**Exercise description:** There is a line containing "value common stock. Shell paid an" in the entries below. Repeat that line and every line after it exactly, and nothing more.

↓↓↓

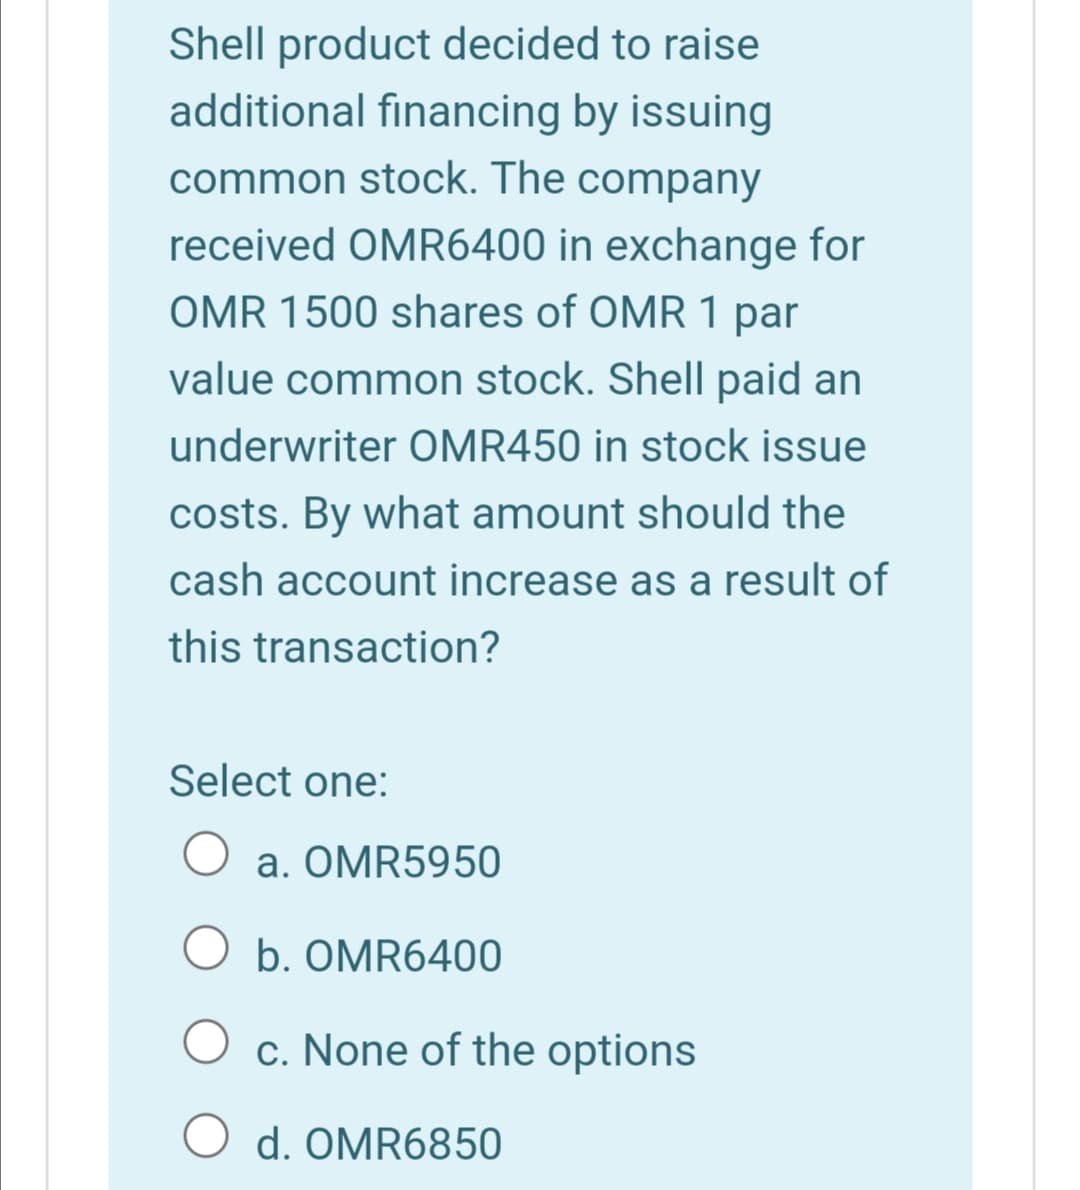 Shell product decided to raise
additional financing by issuing
common stock. The company
received OMR6400 in exchange for
OMR 1500 shares of OMR 1 par
value common stock. Shell paid an
underwriter OMR450 in stock issue
costs. By what amount should the
cash account increase as a result of
this transaction?
Select one:
a. OMR5950
O b. OMR6400
c. None of the options
d. OMR6850

↑↑↑

**Solution:**
value common stock. Shell paid an
underwriter OMR450 in stock issue
costs. By what amount should the
cash account increase as a result of
this transaction?
Select one:
a. OMR5950
O b. OMR6400
c. None of the options
d. OMR6850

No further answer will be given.